I don't have any reason to believe there is any water damage behind the wall, we couldn't see any signs of mold or any musty smell in the basement. I will be removing it at some point to add additional outlets and probably conduit for network, telephone and coax jacks to run back to a wiring closet. Working on this in the basement all depends on how much other sheetrock work I need/want to do at the same time. I have plans to remove a wall in the kitchen upstairs and part of another wall as well.


----------



## pyper (Jul 1, 2009)

theatretch85 said:


> I suspect its possible they had planned on wood paneling, but looking at the fact that there are shelves hung on the wall in this area and the drop ceiling is also installed over the OSB I suspect they fully intended to keep it like this.

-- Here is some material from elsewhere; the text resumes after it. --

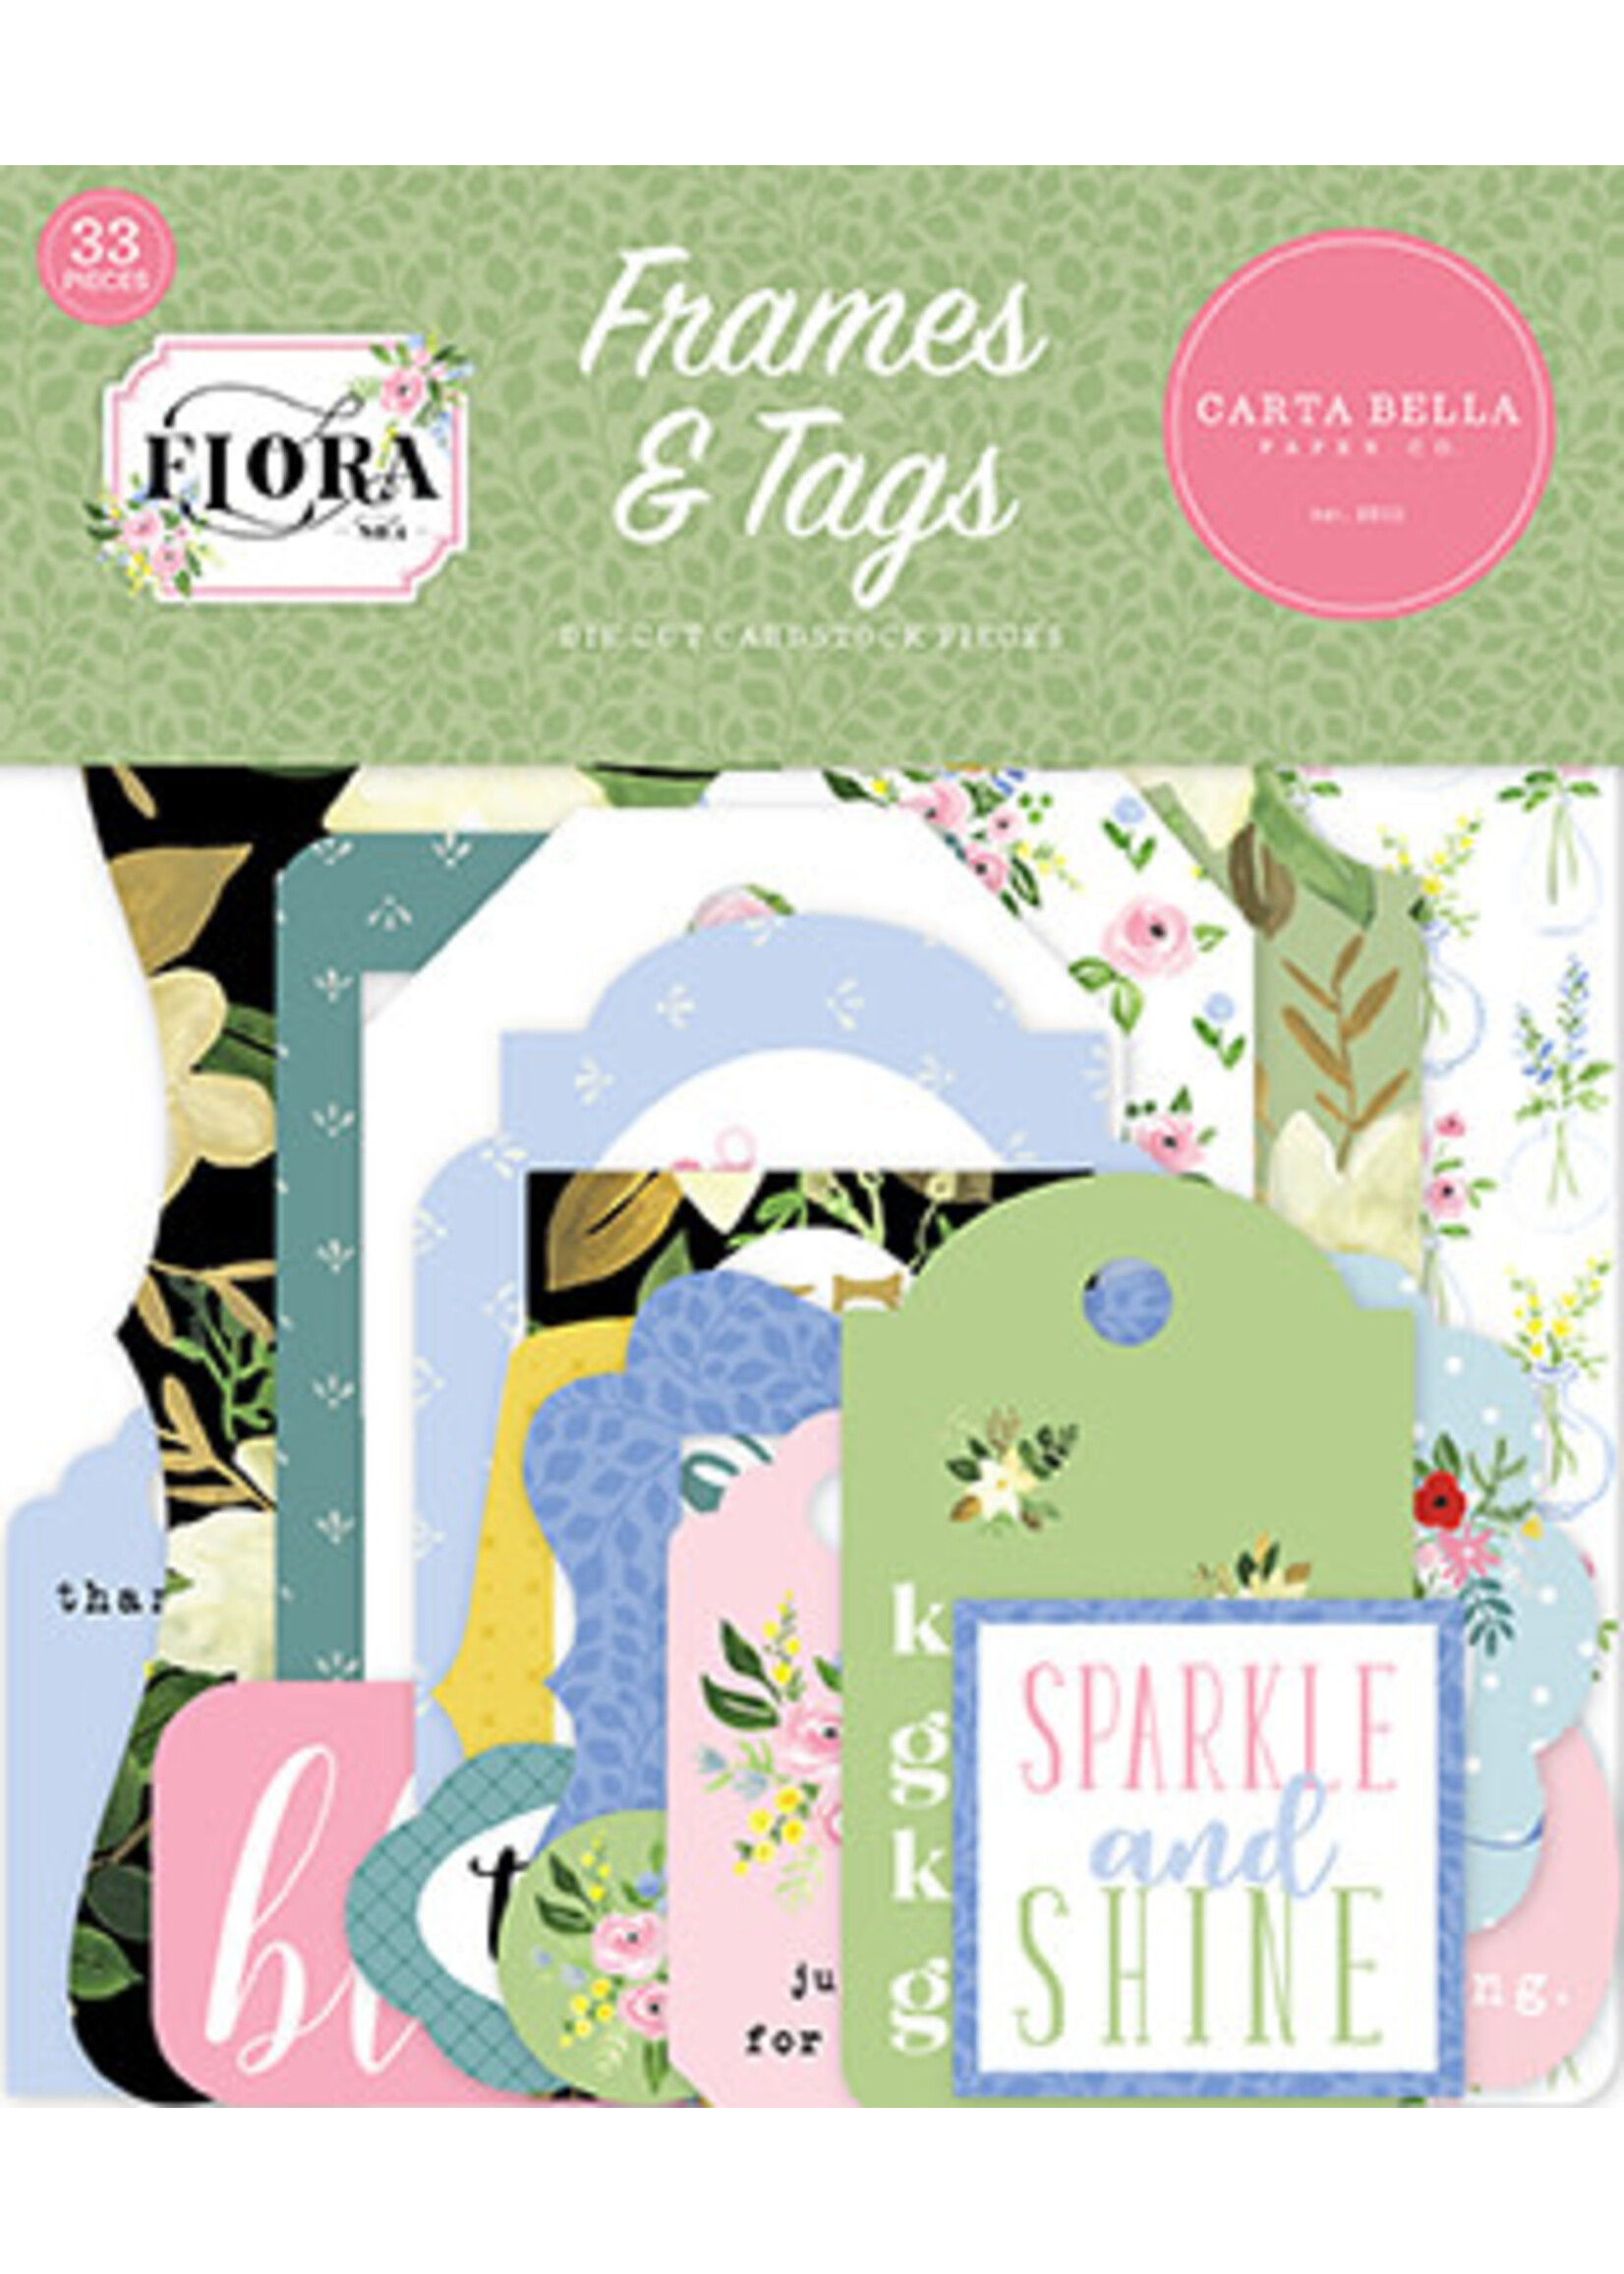 Carta Bella Flora No4:Frames & Tags

Things change -- maybe they had initially planned on putting up paneling and then life got in the way. I've had all sorts of temporary measures that I've ended up living with for years.

One contractor I talked to about a kitchen addition told us that their standard procedure for kitchens is to put up OSB and then put sheetrock over it. Makes it easier to hang the cabinets. I've never met anyone else who did it that way, but maybe he's who built it .

Also, if you leave the OSB under the sheetrock it will help with noise.


----------



## ddawg16 (Aug 15, 2011)

Remove the OSB....then sell it to one of the garage guys.....they love using that stuff on the walls......they have some much stuff on the walls that you can't see the uuuggllly stuff anyway....


----------